What is required: The result should be the full listing copied exactly, with no pictures in it.

Recorded data:
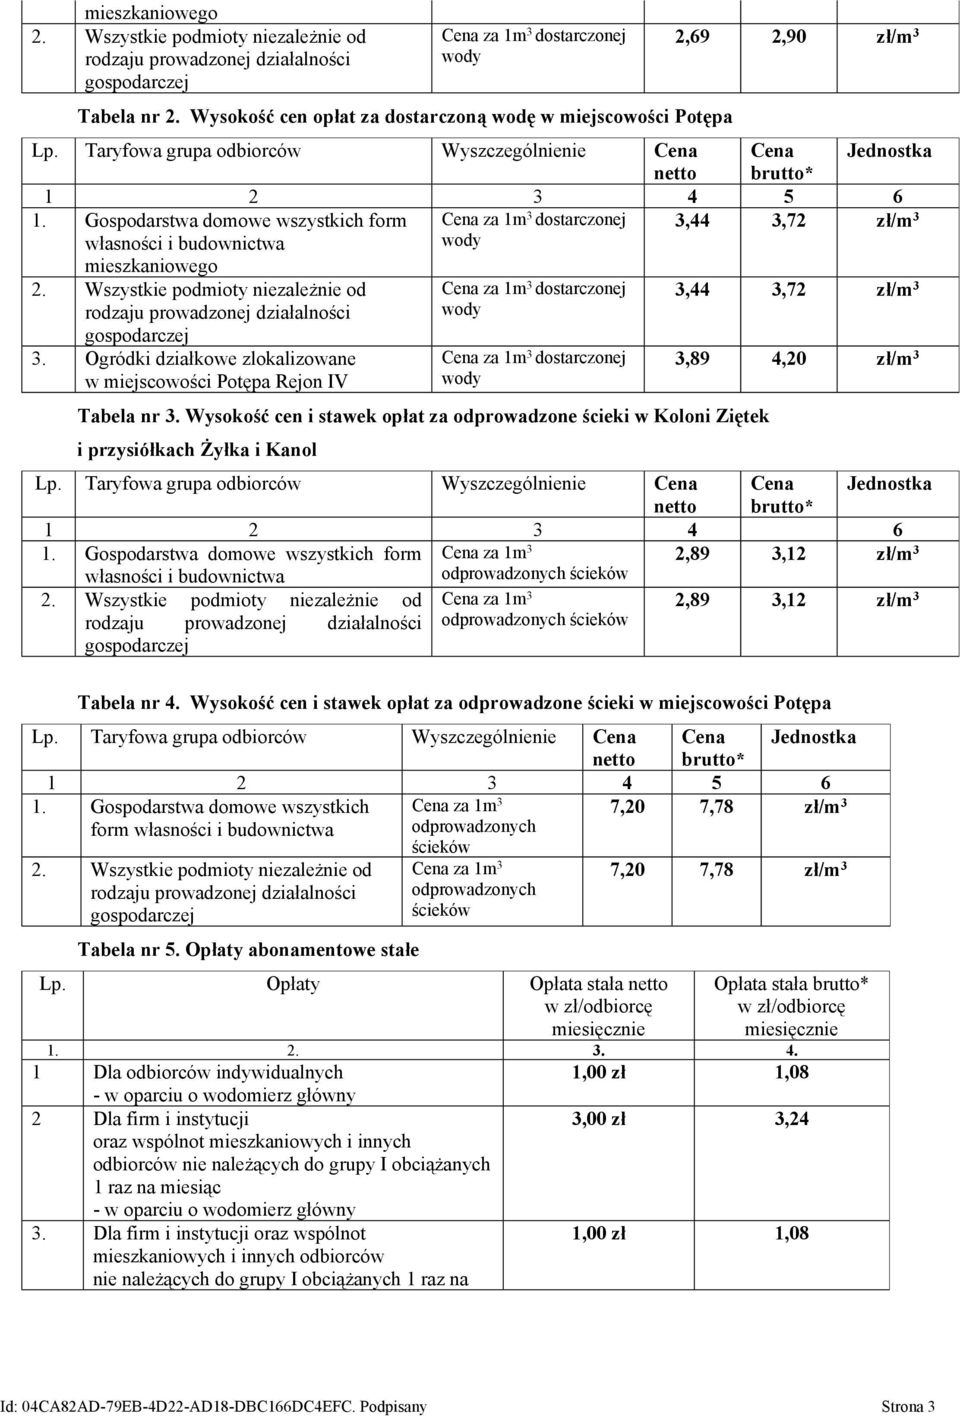 Ogródki działkowe zlokalizowane w miejscowości Potępa Rejon IV Tabela nr 3.
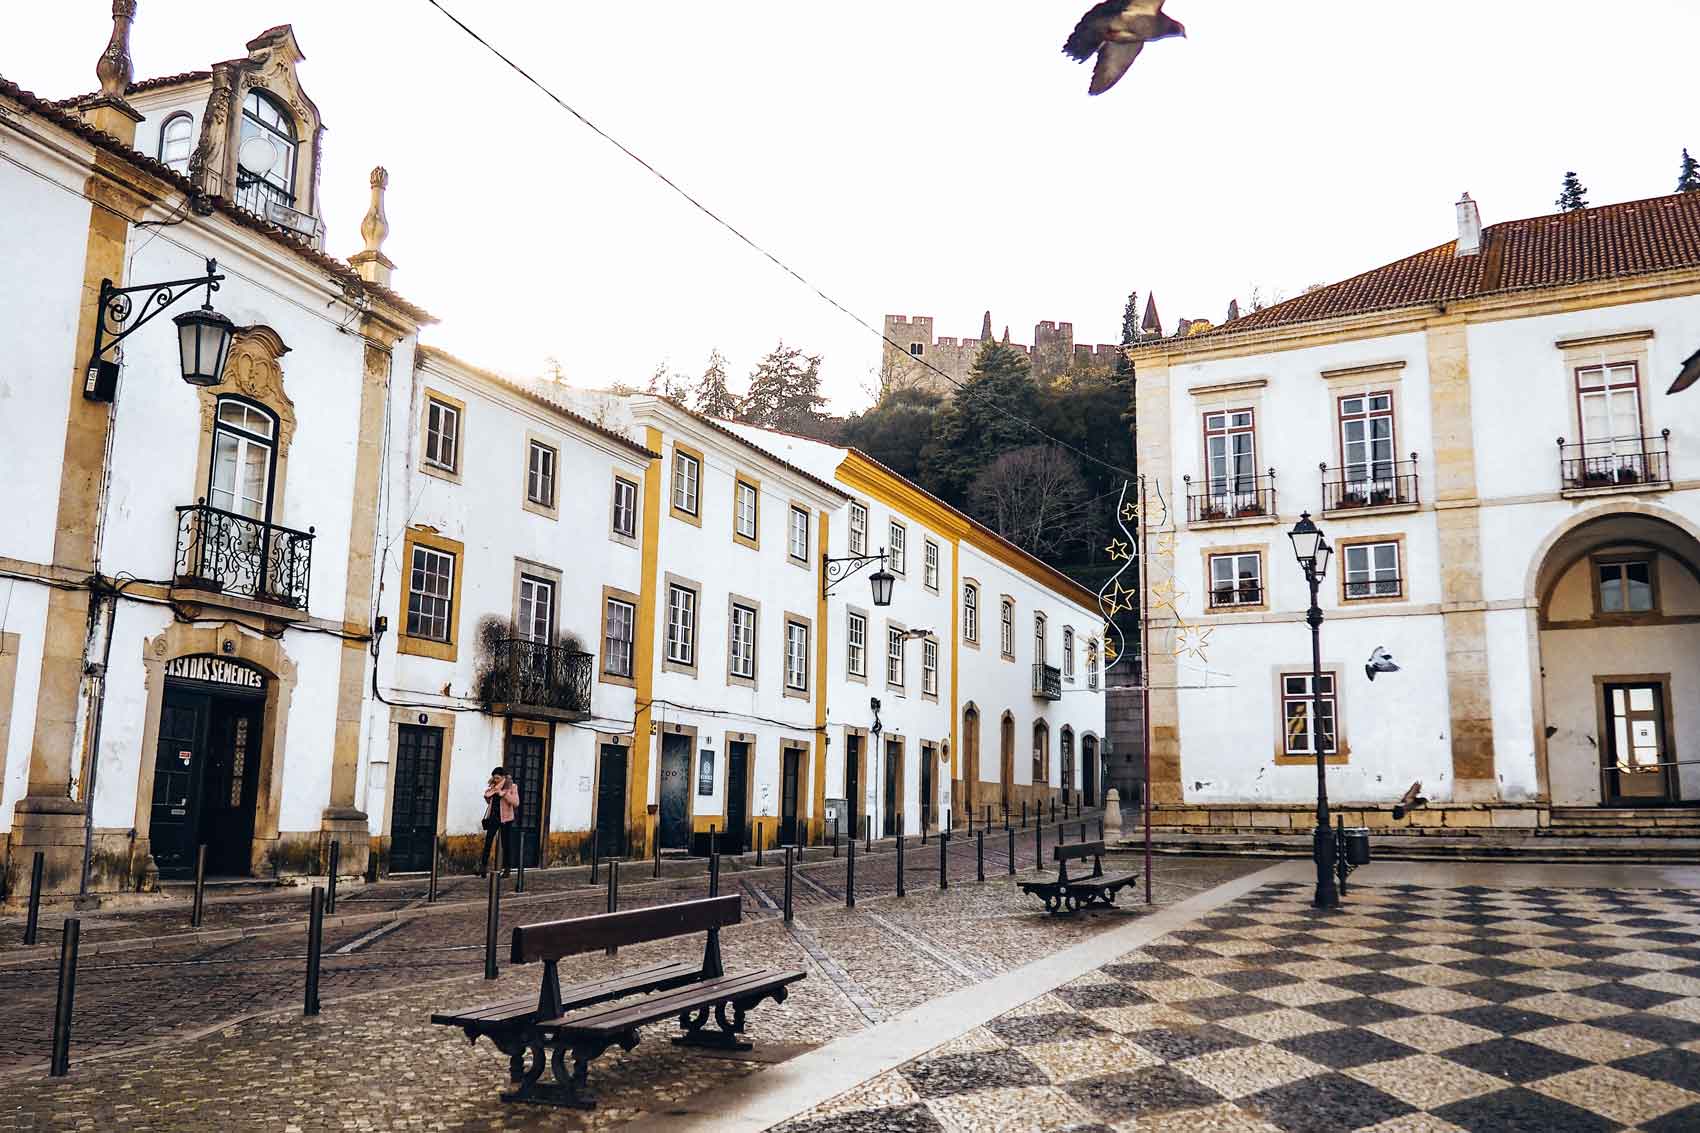 Pueblos bonitos centro de Portugal - Tomar
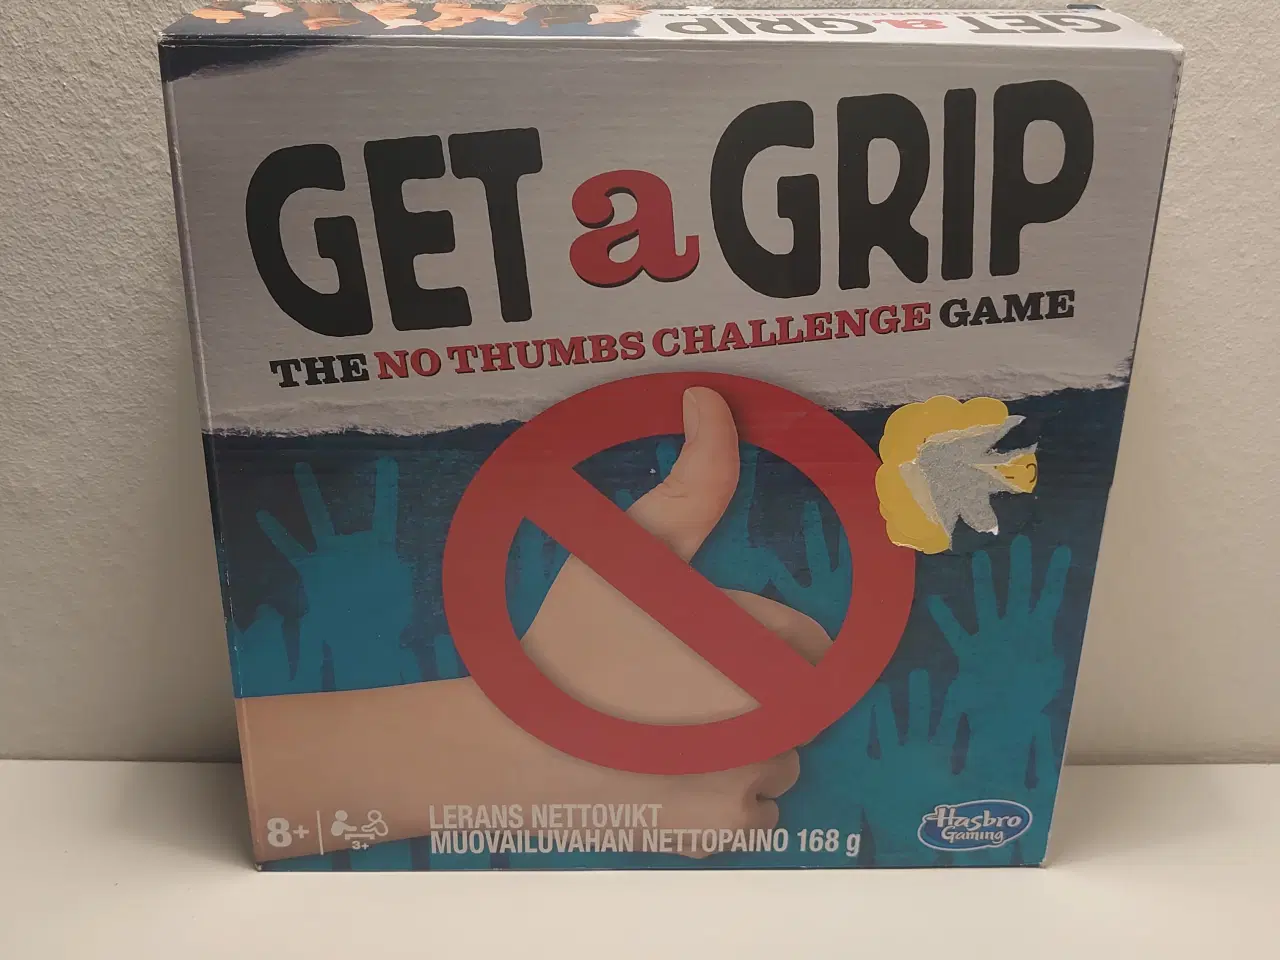 Billede 1 - "Get a Grip"Sjovt og populært udfordringsspil.

Output below:
 Ogródki działkowe zlokalizowane w miejscowości Potępa Rejon IV Tabela nr 3.
 Pueblos bonitos centro de Portugal - Tomar
 Billede 1 - "Get a Grip"Sjovt og populært udfordringsspil.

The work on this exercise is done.